On working with thread-safety, I find myself always “double checking” before executing code in a lock block and I wondered if I was doing the right thing. Consider the following three ways of doing the same thing:
Example 1:
private static SomeCollection MyCollection;
private static Object locker;
private void DoSomething(string key)
{
if(MyCollection[key] == null)
{
lock(locker)
{
MyCollection[key] = DoSomethingExpensive();
}
}
DoSomethingWithResult(MyCollection[key]);
}
Example 2:
private static SomeCollection MyCollection;
private static Object locker;
private void DoSomething(string key)
{
lock(locker)
{
if(MyCollection[key] == null)
{
MyCollection[key] = DoSomethingExpensive();
}
}
DoSomethingWithResult(MyCollection[key]);
}
Example 3:
private static SomeCollection MyCollection;
private static Object locker;
private void DoSomething(string key)
{
if(MyCollection[key] == null)
{
lock(locker)
{
if(MyCollection[key] == null)
{
MyCollection[key] = DoSomethingExpensive();
}
}
}
DoSomethingWithResult(MyCollection[key]);
}
I always lean towards Example 3, and here’s why I think I’m doing the right thing
- Thread 1 enters
DoSomething(string) MyCollection[key] == nullso Thread 1 obtains a lock, just as Thread 2 entersMyCollection[key] == nullis still true, so Thread 2 waits to obtain the lock- Thread 1 calculates the value for
MyCollection[key]and adds it to the collection - Thread 1 releases the lock and calls
DoSomethingWithResult(MyCollection[key]); - Thread 2 obtains the lock, by which time
MyCollection[key] != null - Thread 2 does nothing, releases the lock and continues on its merry way
Example 1 would work, but there is a big risk that Thread 2 could redundantly calculate MyCollection[key].

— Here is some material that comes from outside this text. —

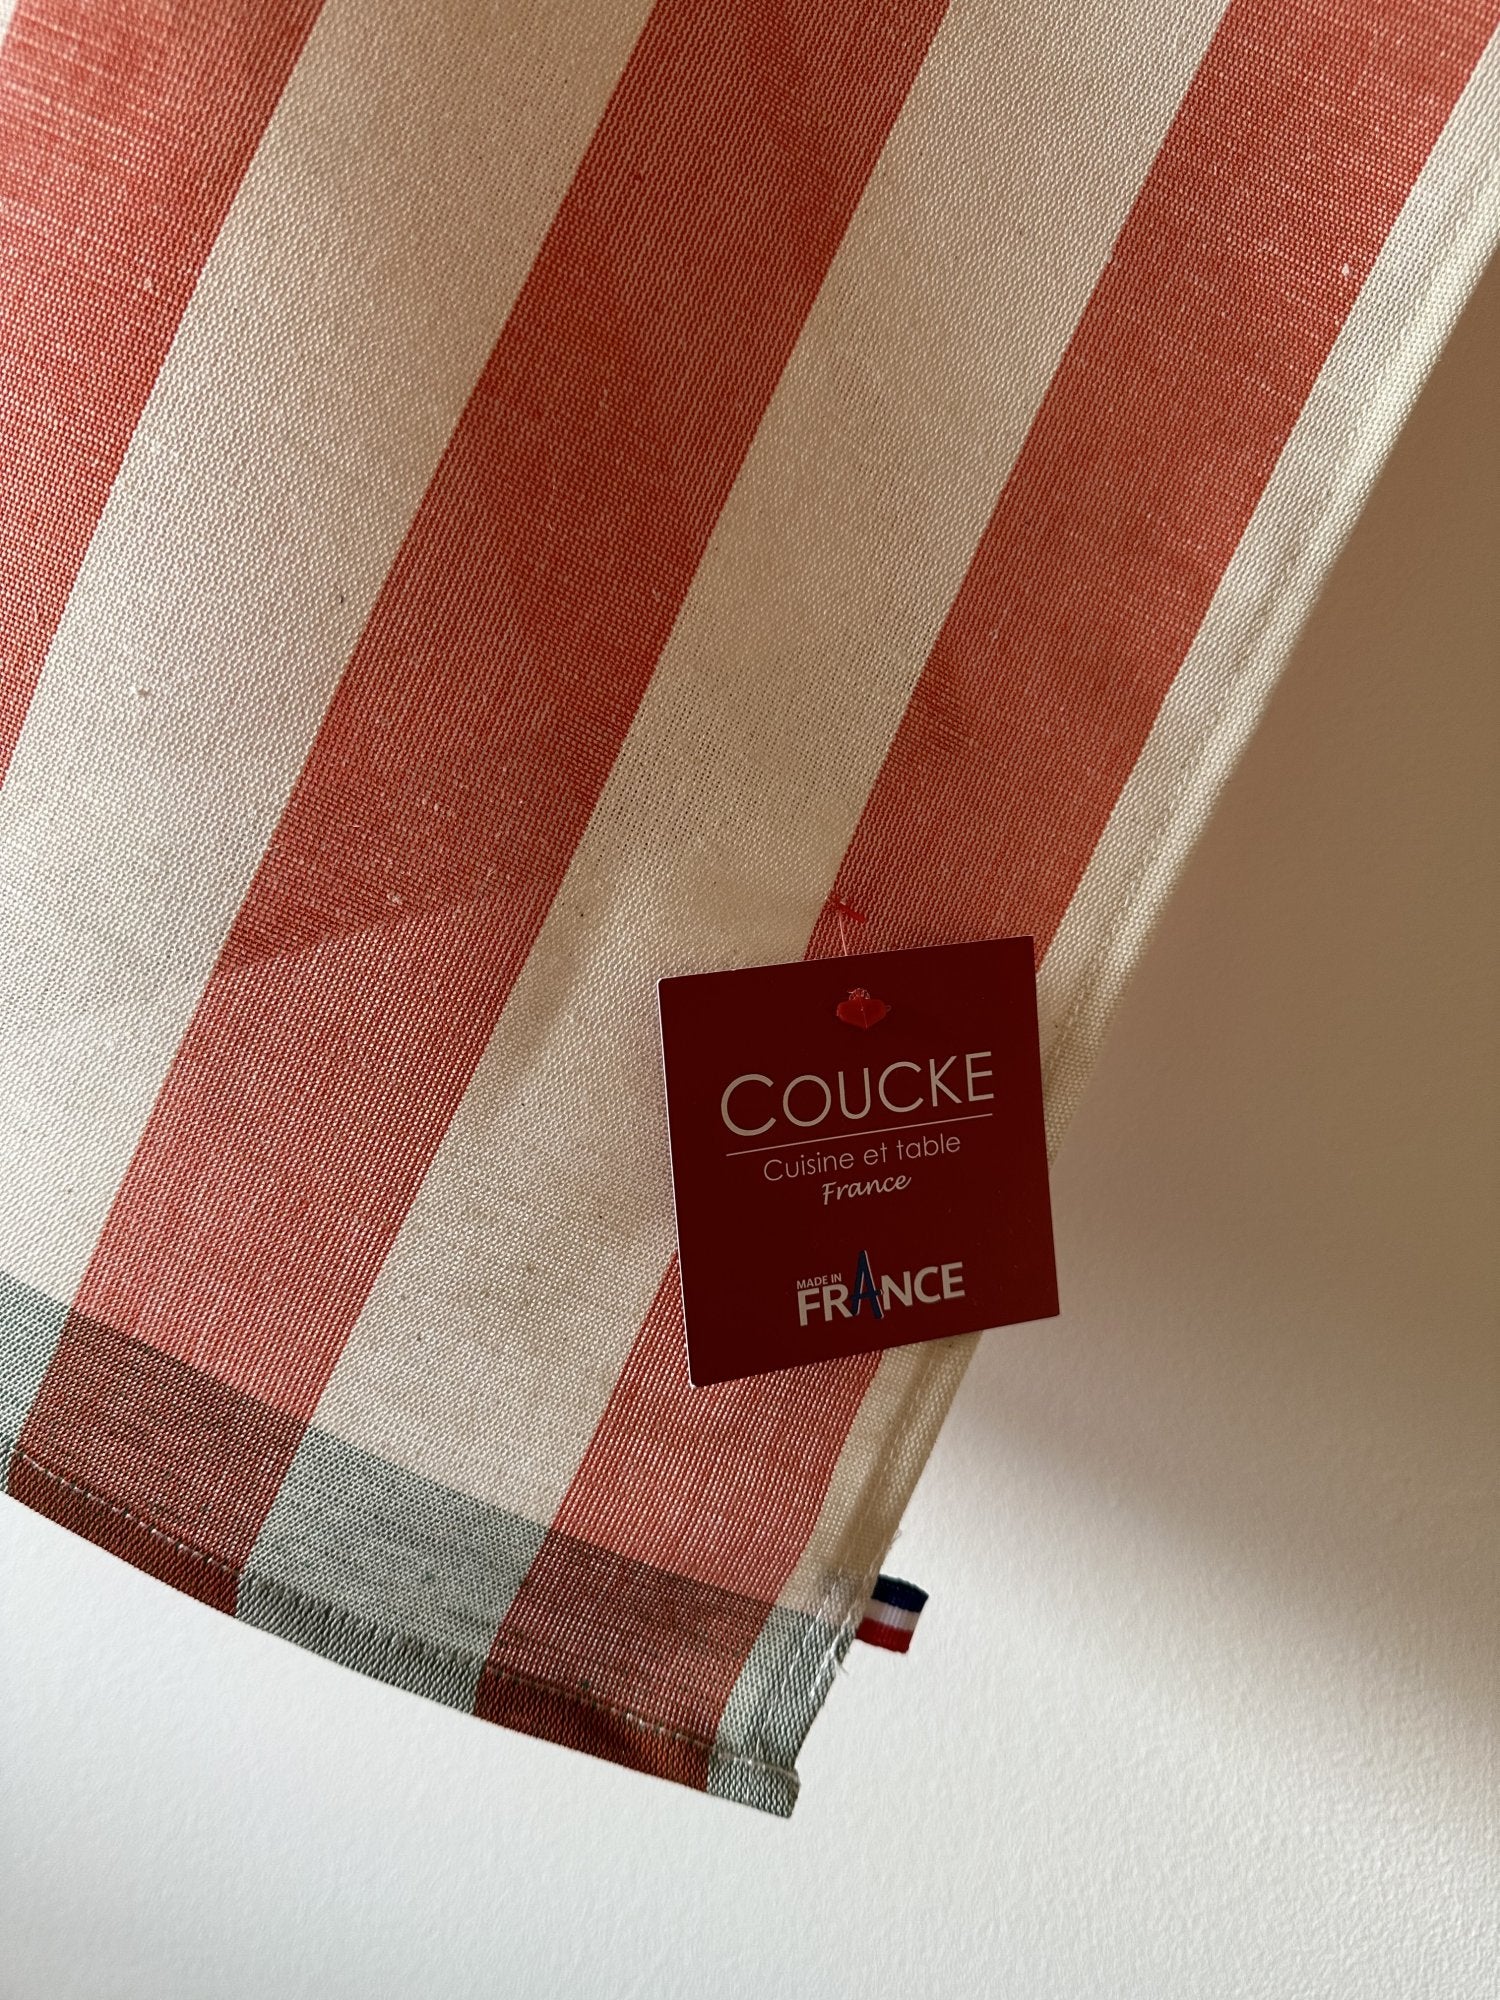 Coucke "Malo Stripe" (Red), Woven linen & cotton tea towel. Made in France.

Example 2 would work, but every thread would obtain a lock, even if it didn’t need to – which could be a (admittedly very small) bottleneck. Why hold up threads if you don’t need to?

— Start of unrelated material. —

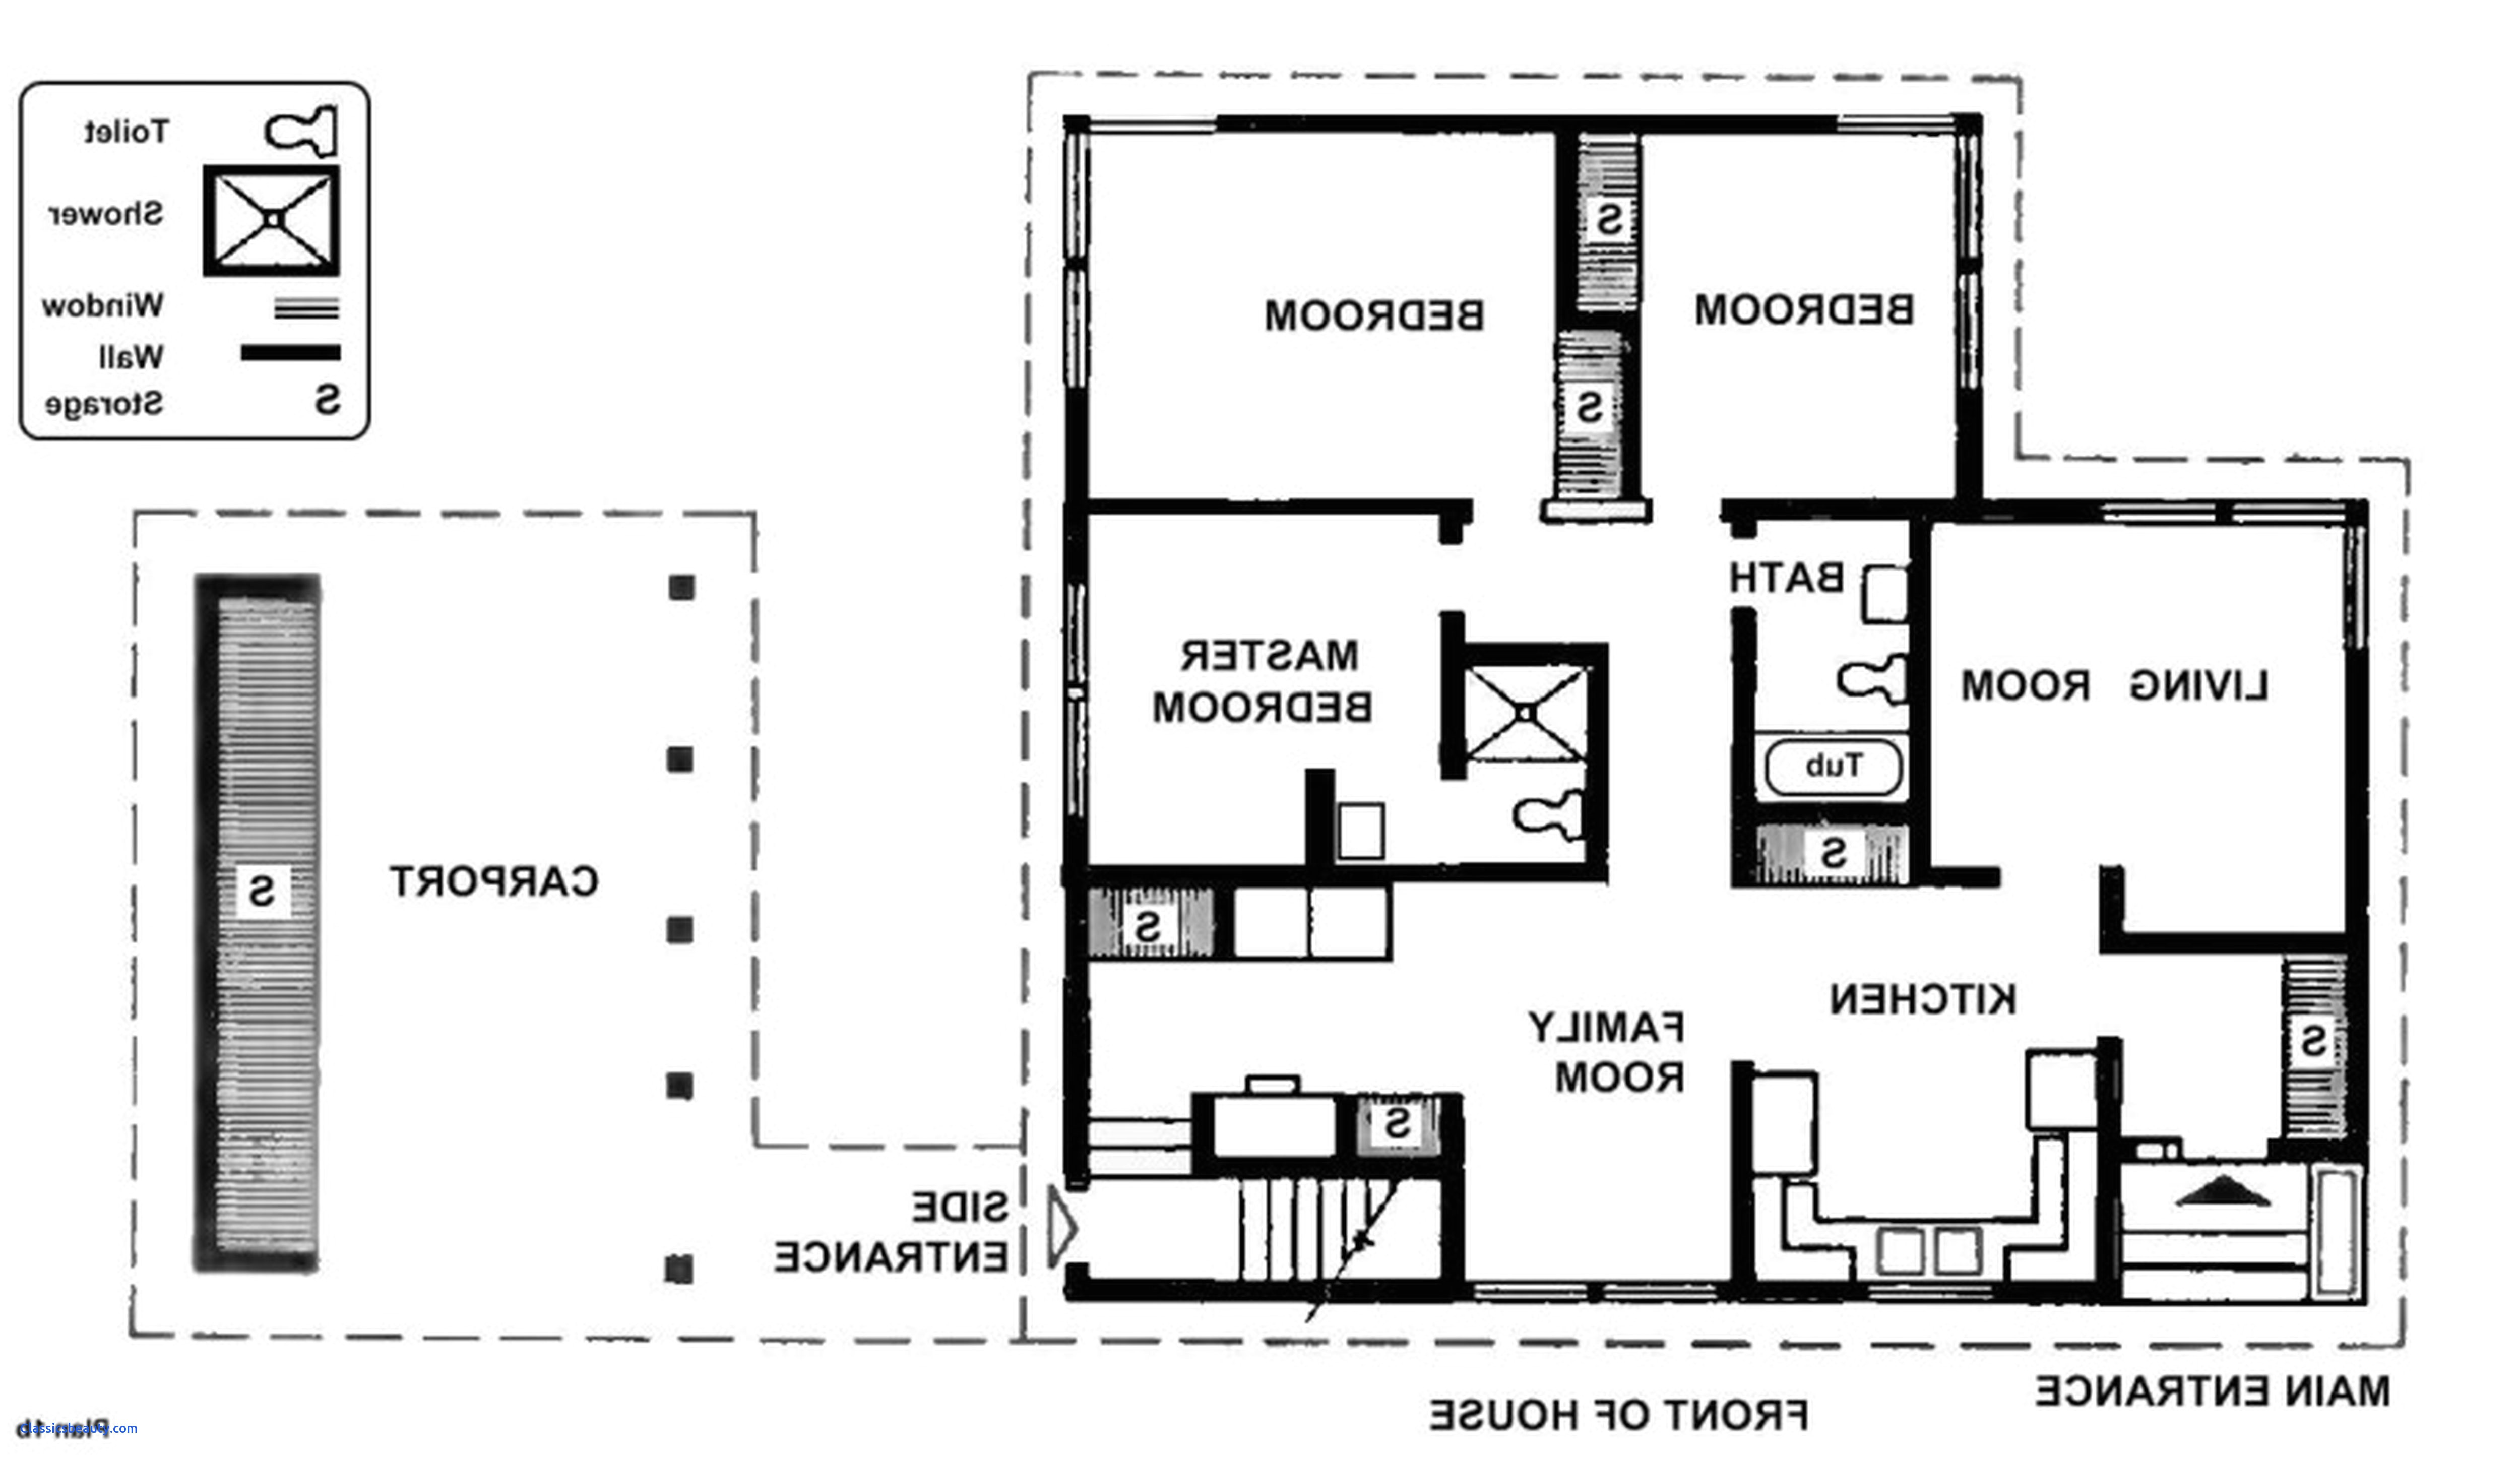 Make Your Own House Plans Online for Free Make My Own House Plans Free

Am I overthinking this and if so, what is the preferred way of handling these situations?
The first method should not be used. As you realised, it leaks, so more than one thread can end up running the expensive method. The longer that method takes, the bigger is the risk that another thread will also run it. In most cases it’s only a performance problem, but in some cases it might also be a problem that the resulting data is later on replaced by a new set of data.
The second method is the most common way, the third method is used if the data is accessed so frequently that the locking becomes a performance issue.